Seperti kemarin-kemarin, Lulu masih makan “benda” yang sama: nasi katsu dengan bumbu yang sekenanya. Masa bodoh lah mau makan apa, yang penting bisa ngopi.  Baru saja hendak membayar, tetangga indekos yang juga kerja di gedung yang sama —walau perusahaannya berbeda, menyapa Lulu. 

“Semalam di kosan lu ada siapa dah?” tanya temannya, Chica.

“Hah? Siapa? Nggak ada siapa-siapa kayaknya,” jawab Lulu sembari mengeluarkan tiga lembar uang sepuluhribuan untuk membayar. Seperti biasa, Lulu tersenyum sambil memperhatikan kasir yang wajahnya mirip Dean Fujioka versi muda. Enak juga jadi jomblo, bisa ngeceng seharian.

Chica yang tidak puas dengan jawaban itu. Ia mendekat dan berbisik, “Gue denger ada suara cowok gitu, terus ada suara melenguh gitu. Ngapain coba lu? Bawa cowok ya ke dalam kos?!”

Lulu mengernyit bingung. “Berak lu! Enggak deh kayaknya. Masa sih? Lu salah dengar kali, bukan dari kamar kos gua.”

Kedua cewek yang berbisik-bisik itu mengundang rasa penasaran si kasir. Lulu meliriknya sekilas dan senyum lagi—senyum paling manisnya. Si kasir berwajah nippon itu pun balas tersenyum, meskipun Lulu tahu betul itu sekadar senyum protokoler seorang pramuniaga.

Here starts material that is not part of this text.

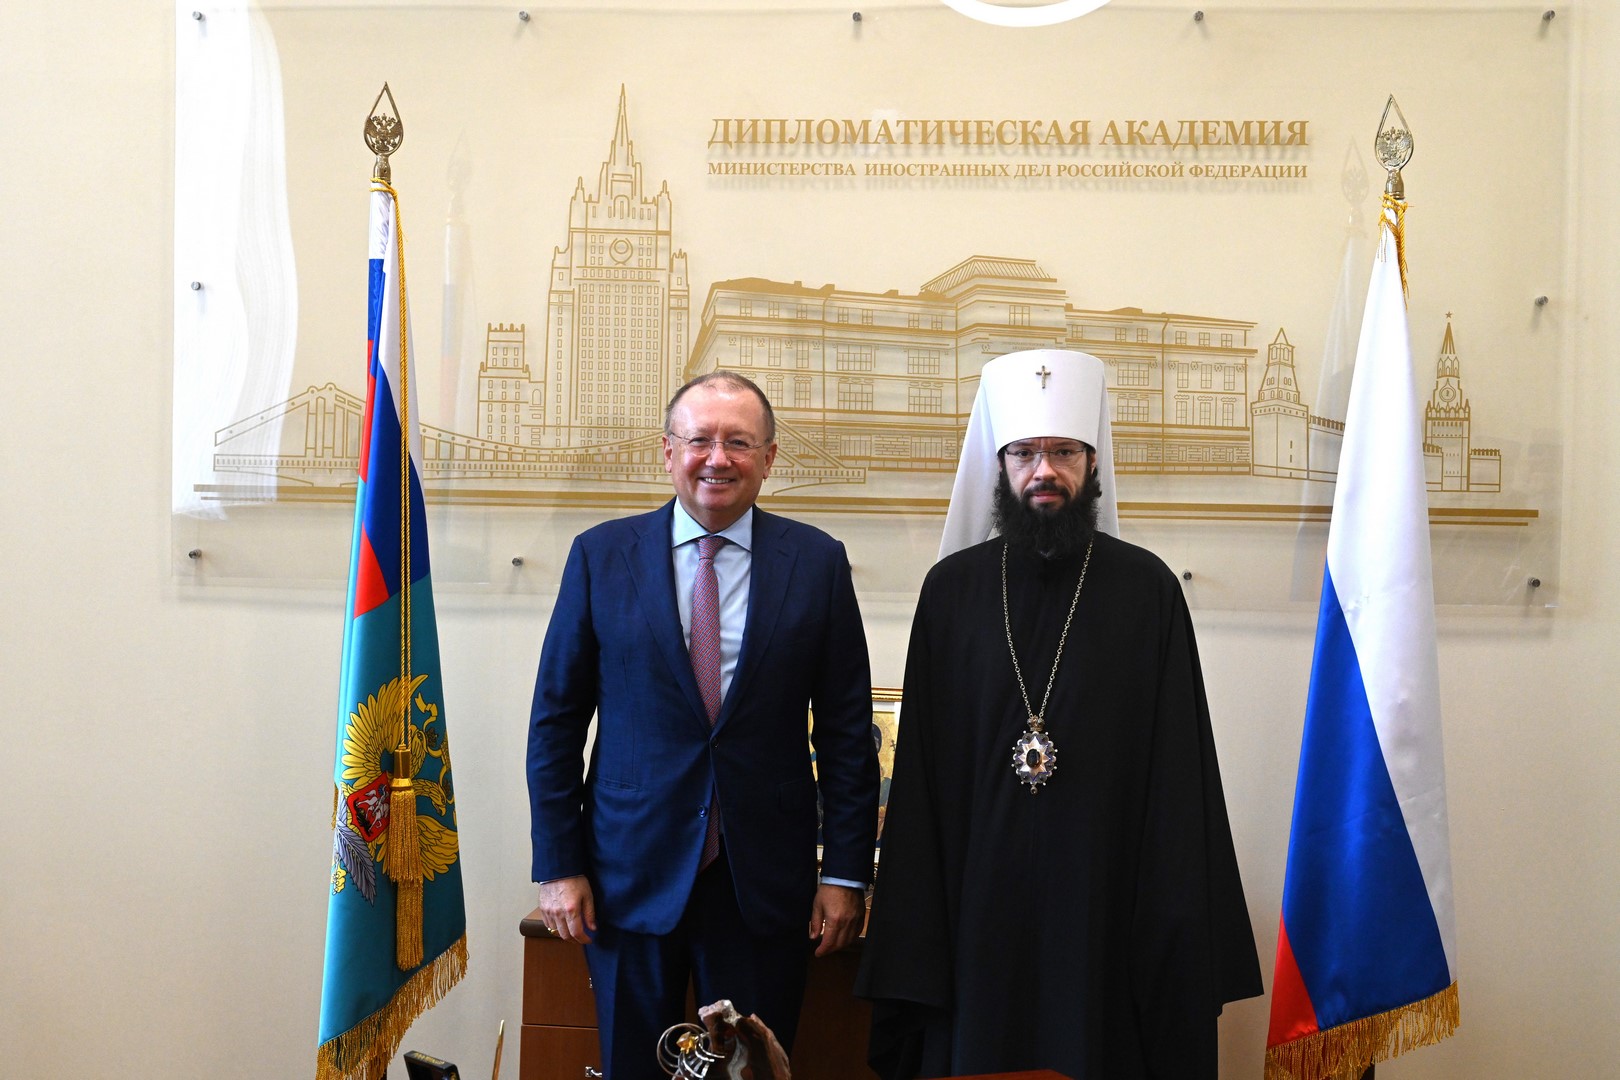 Le métropolite Antoine de Volokolamsk a reçu le titre de docteur honoris causa de l’Académie diplomatique du ministère des Affaires étrangères de Russie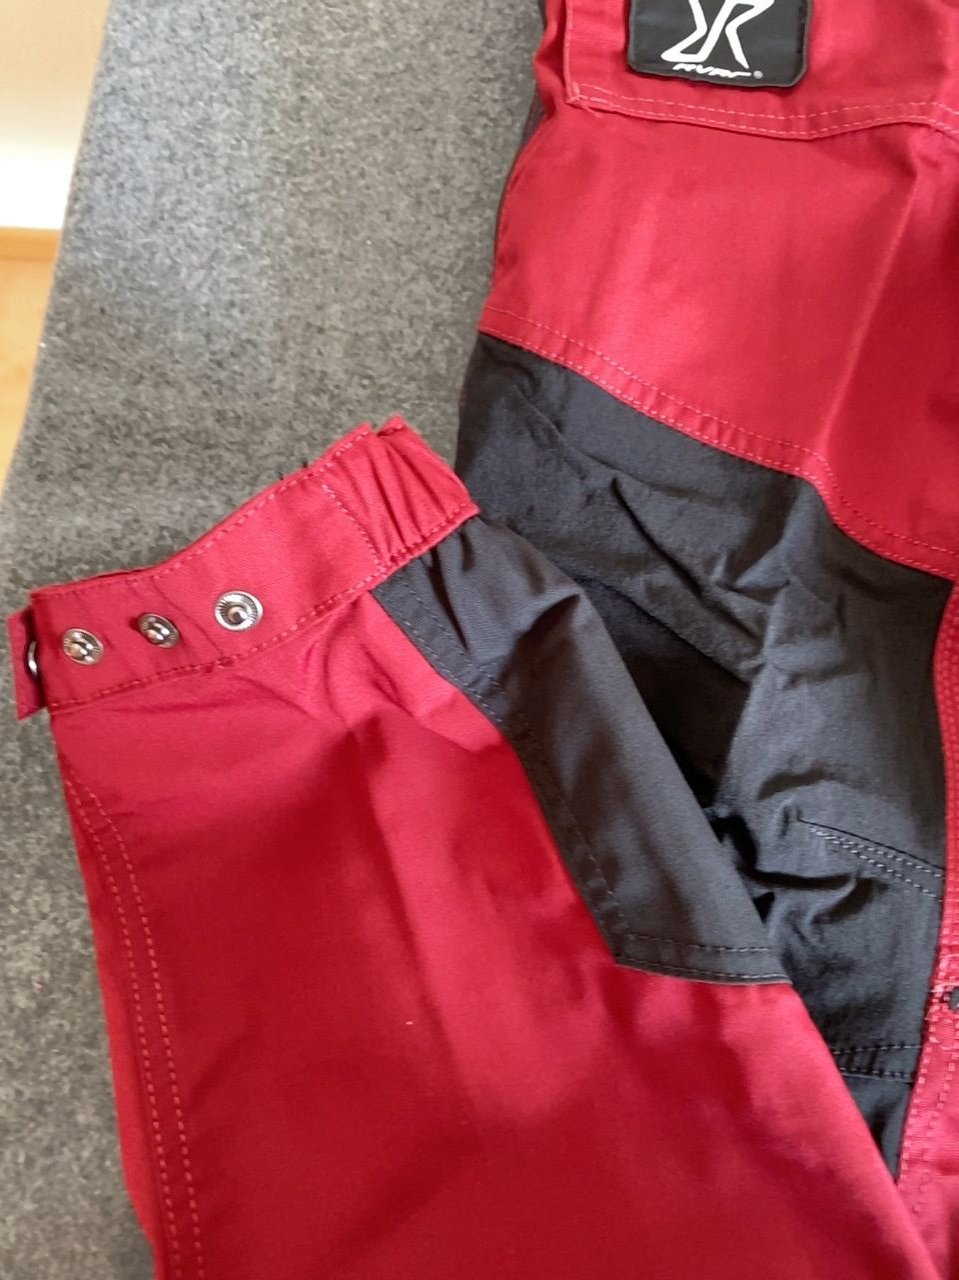 Pánské outdoorové kalhoty RVRC Velikost XL/42

“Jangan-jangan, itu stalker? Atau, penghuni indekos cowok di lantai satu yang cari mati sama penghuni cewek. Gue rasa, lu harus hati-hati deh, kalau perlu kunci selot sekalian kamar lu,” saran Chica.

Setelah membeli makan, keduanya menaiki tangga dari basement menuju lobi kantor, untuk setelahnya berpisah di pintu elevator yang berbeda. Sembari melangkah pelan, Chica kembali mengingatkan, “Lebih baik cek-cek aja. Di lantai satu itu kayaknya banyak fakboi.”

Fakboi kayak gimana? Memangnya Chica pernah kenalan dengan cowok-cowok lantai satu? Pikir Lulu.

***

Pukul delapan malam, Lulu pulang. Jalan menuju indekosnya di kawasan Anggrek Loka agak sepi. Sebelum masuk gang indekos, Lulu menyempatkan diri untuk membeli makan di area ruko dekat situ, supaya nanti tidak perlu pesan antar dan menghamburkan ongkos kirim. 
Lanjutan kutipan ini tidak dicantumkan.